Information shown →
BEGIN

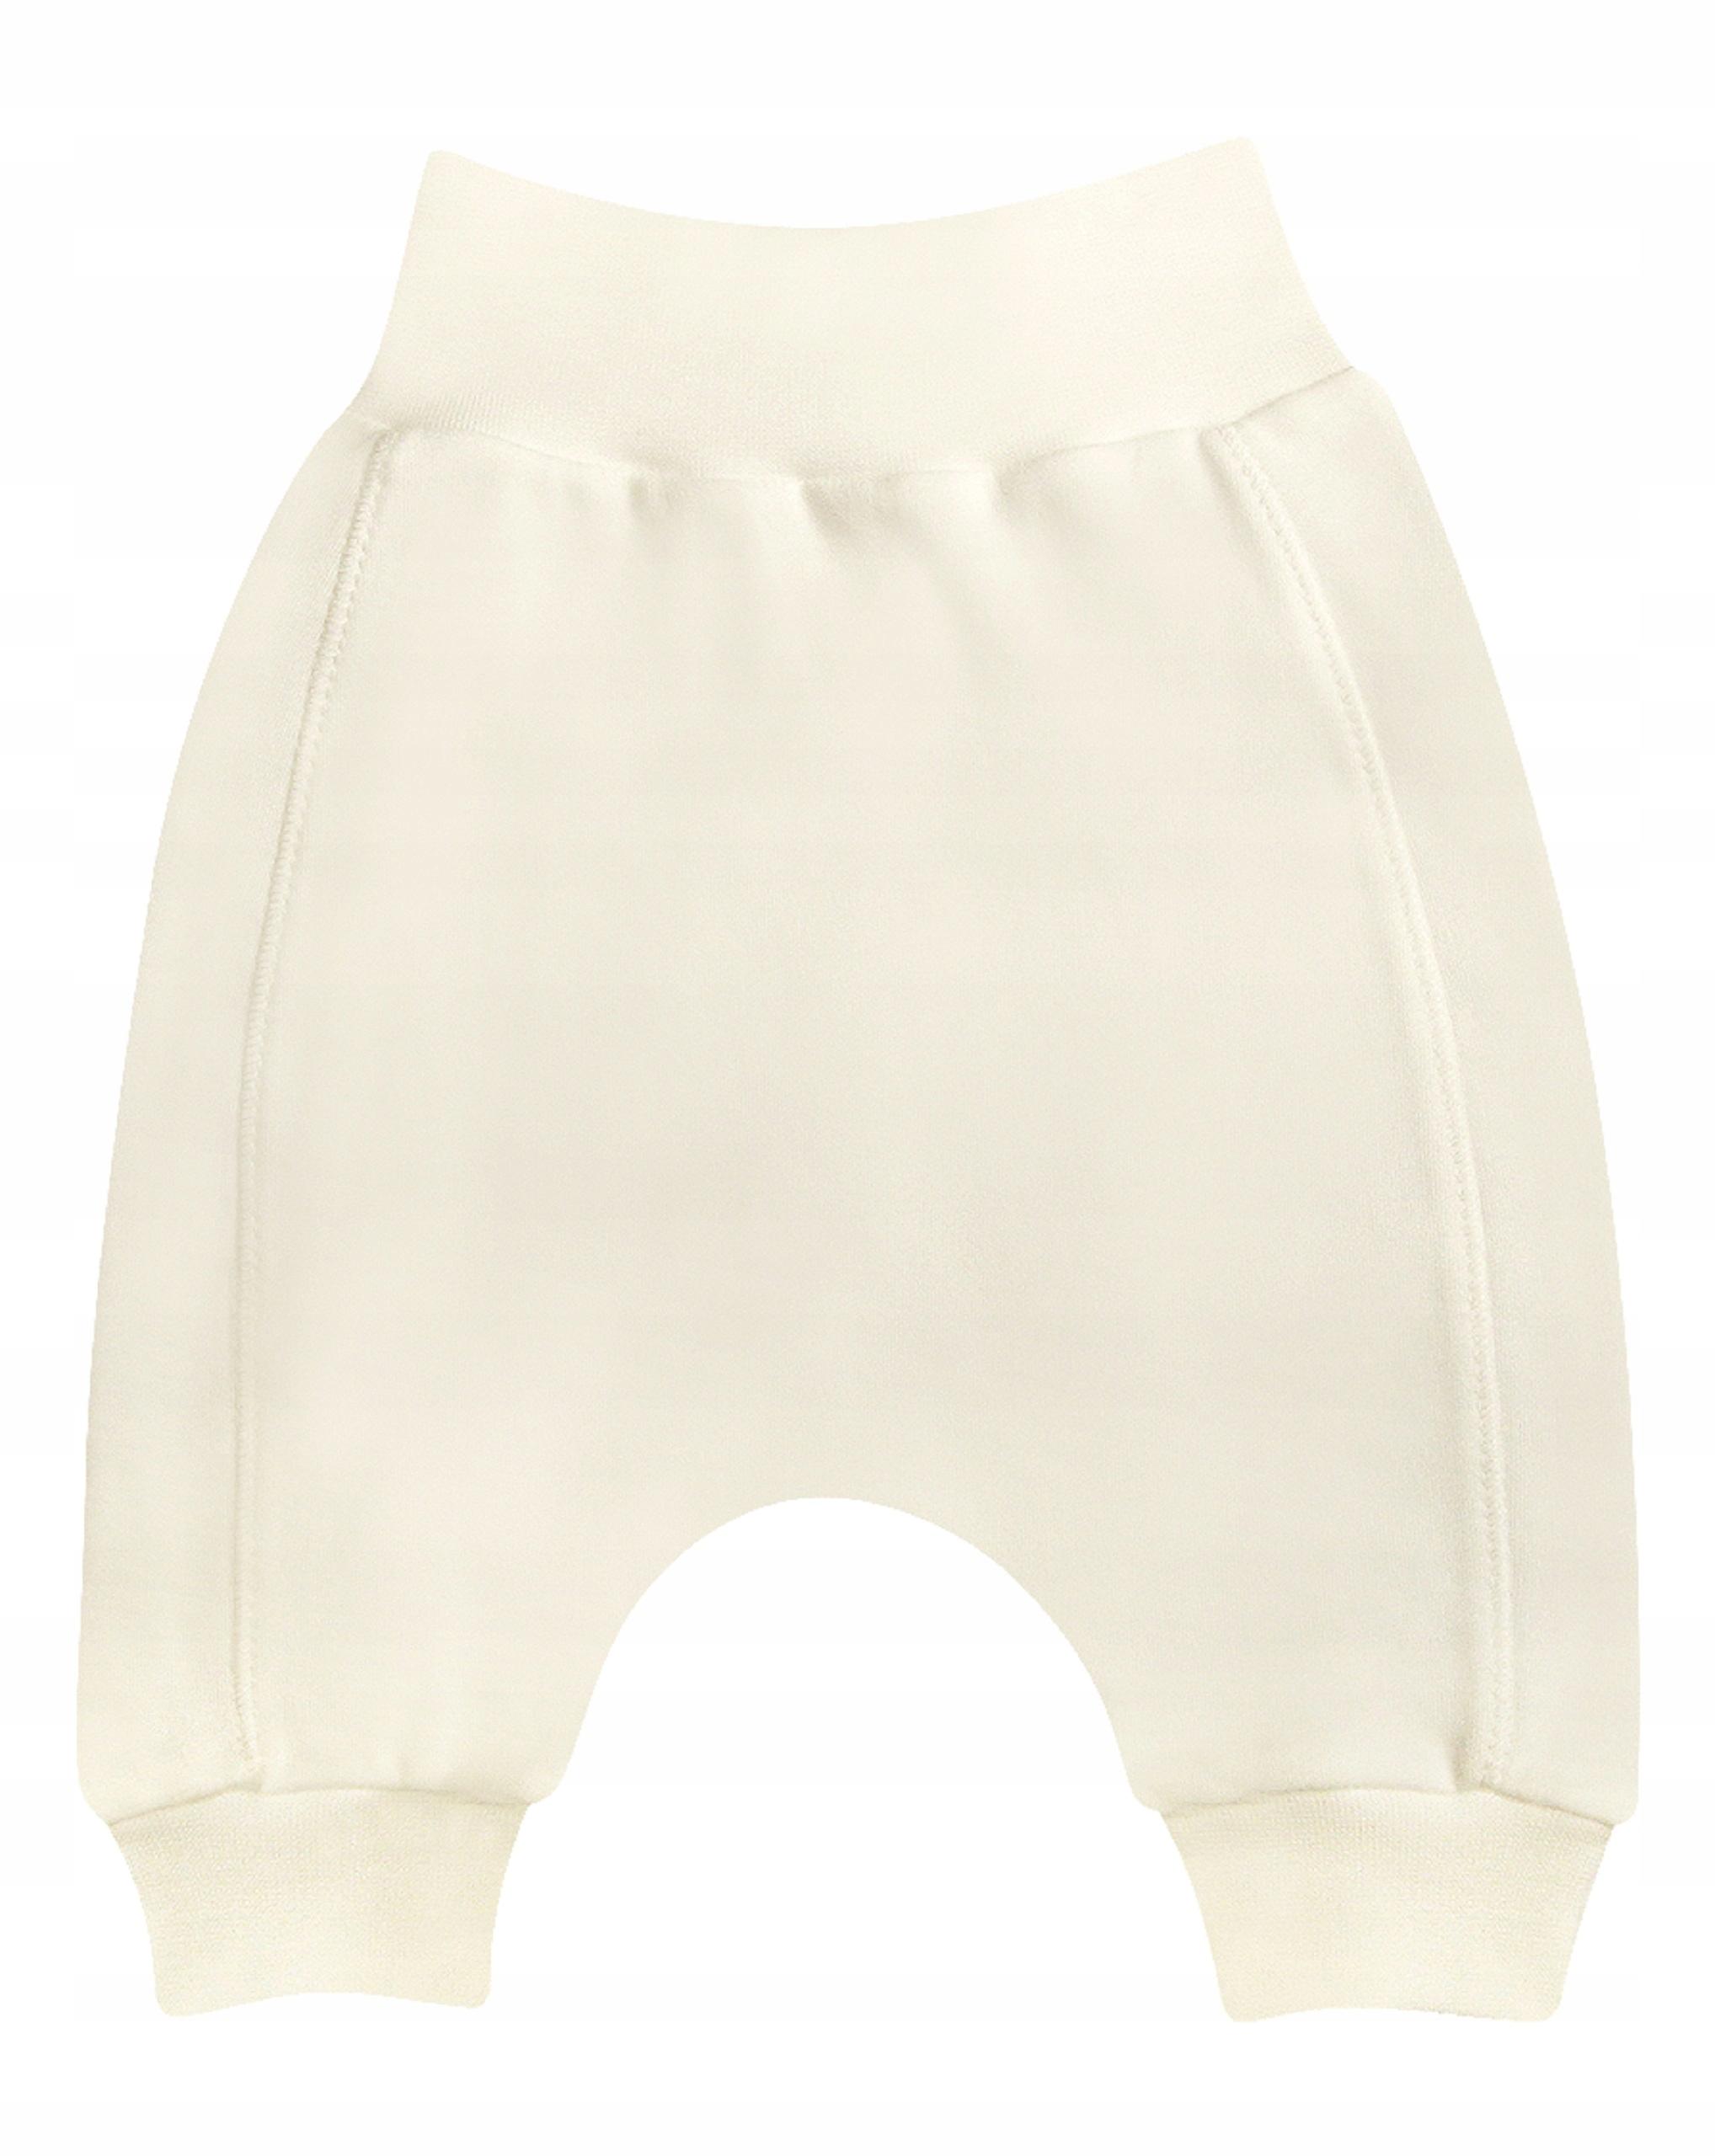 99e41dff0f280f Escallante NINI Spodnie niemowlęce ABN-0932 r.68 - 7274556436 ...
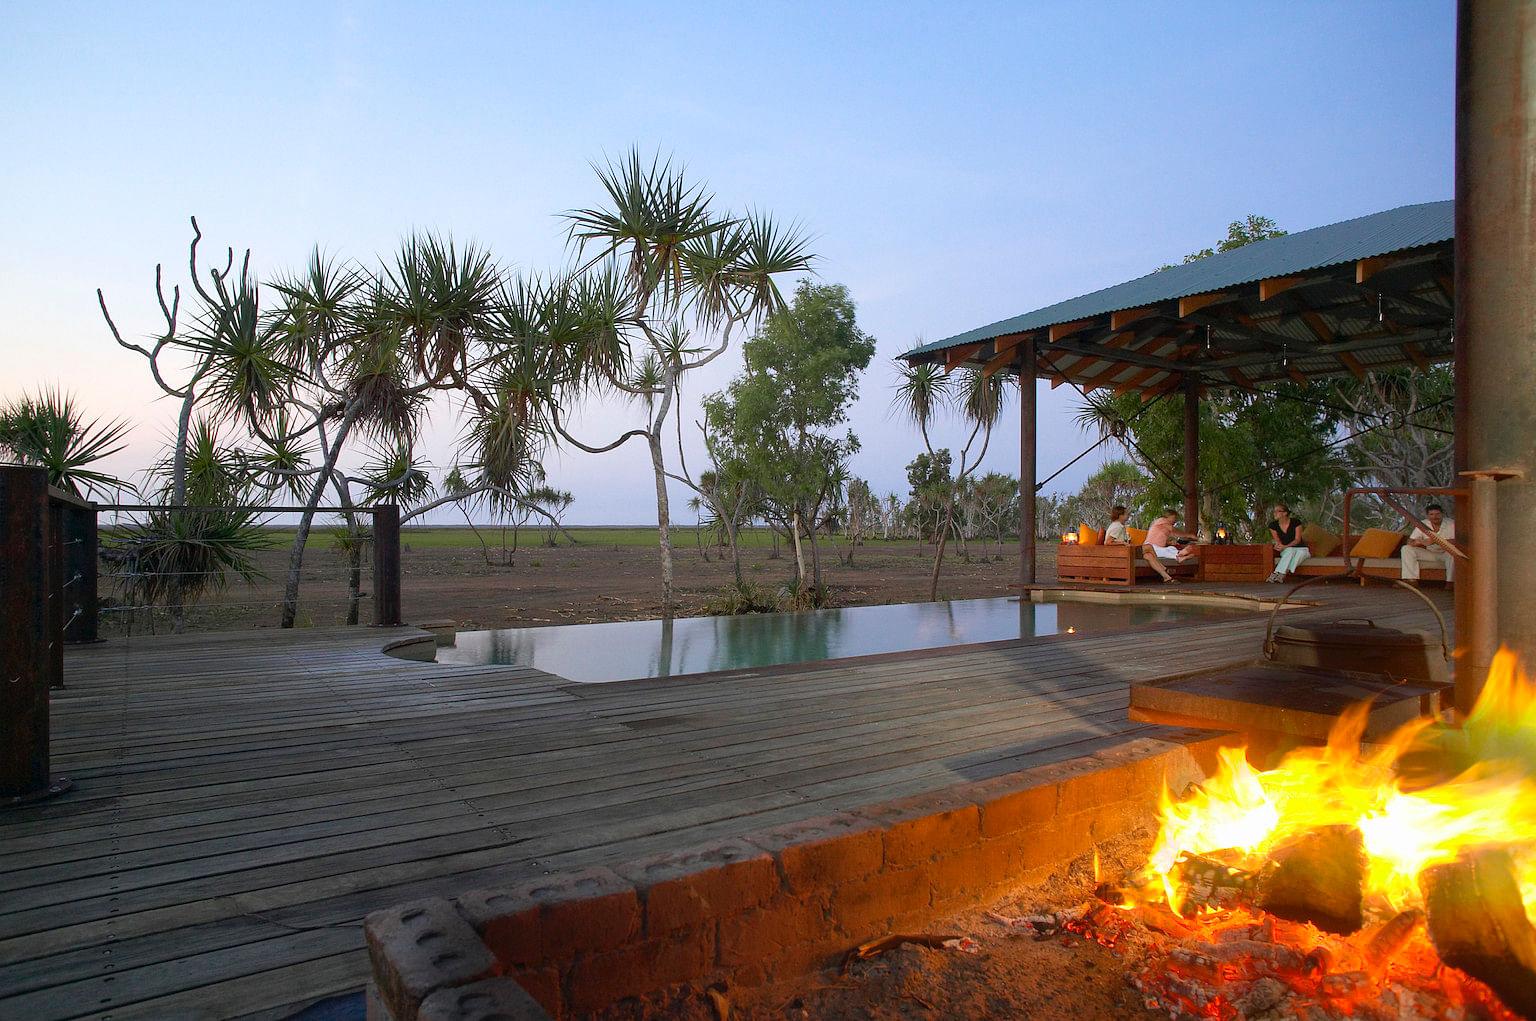 Bamurru Plains Kakadu National Park
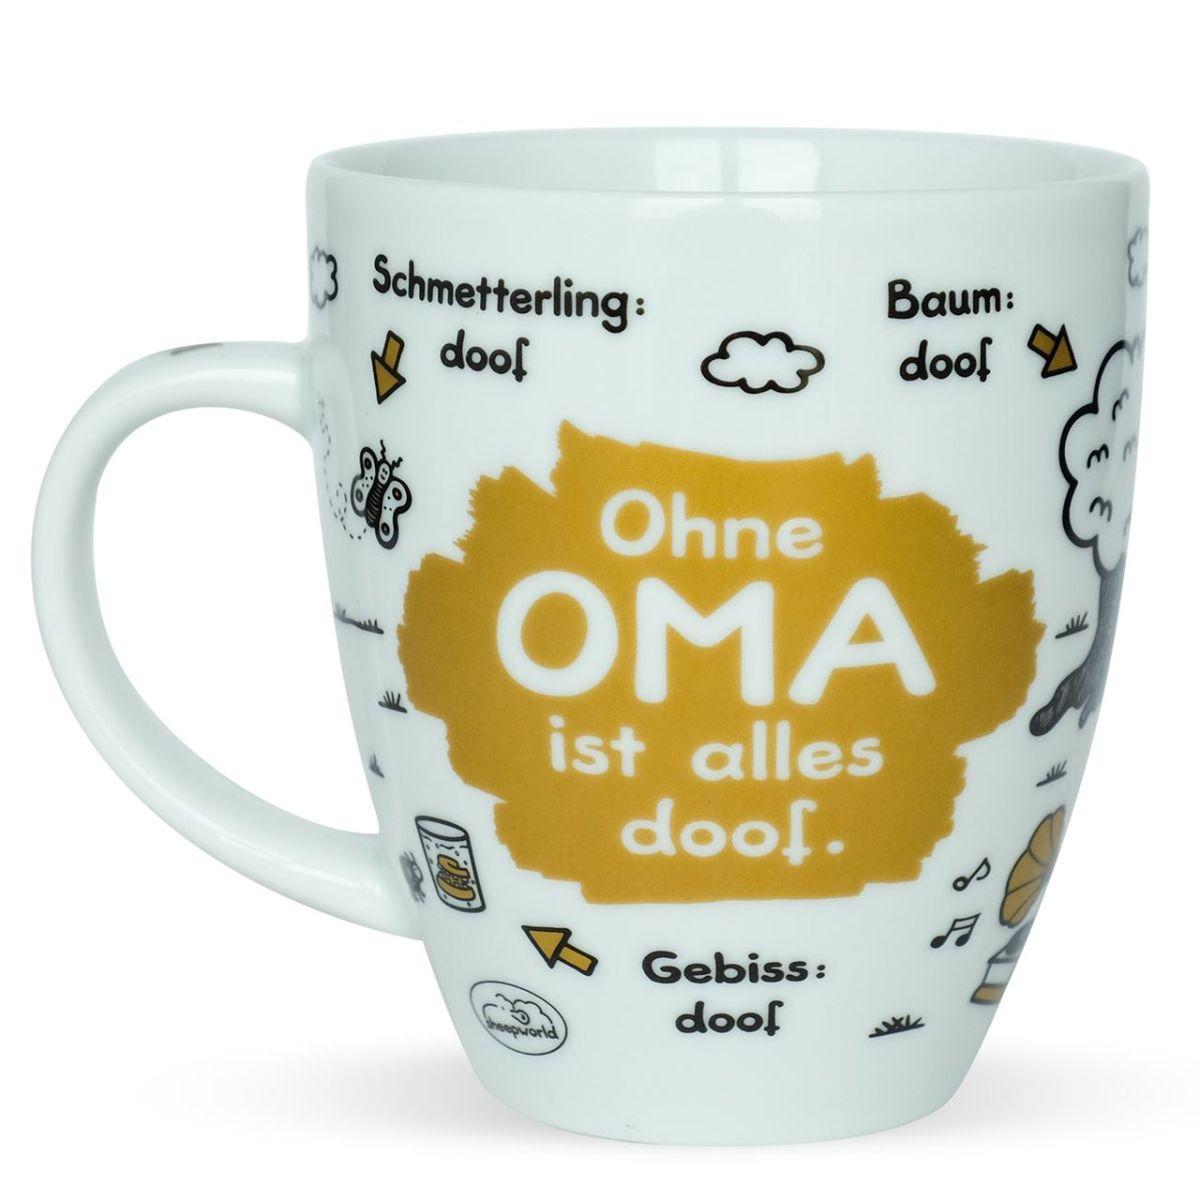 sheepworld tasse ohne oma ist alles doof 400 ml kaffeetasse kaffeebecher mug ebay. Black Bedroom Furniture Sets. Home Design Ideas

END

Problem to work on →
Only what runs from the line with "Bamurru Plains Kakadu National Park" through the last line of the listing above belongs in the answer, set down exactly and free of pictures.

Written solution →
 Bamurru Plains Kakadu National Park
 sheepworld tasse ohne oma ist alles doof 400 ml kaffeetasse kaffeebecher mug ebay. Black Bedroom Furniture Sets. Home Design Ideas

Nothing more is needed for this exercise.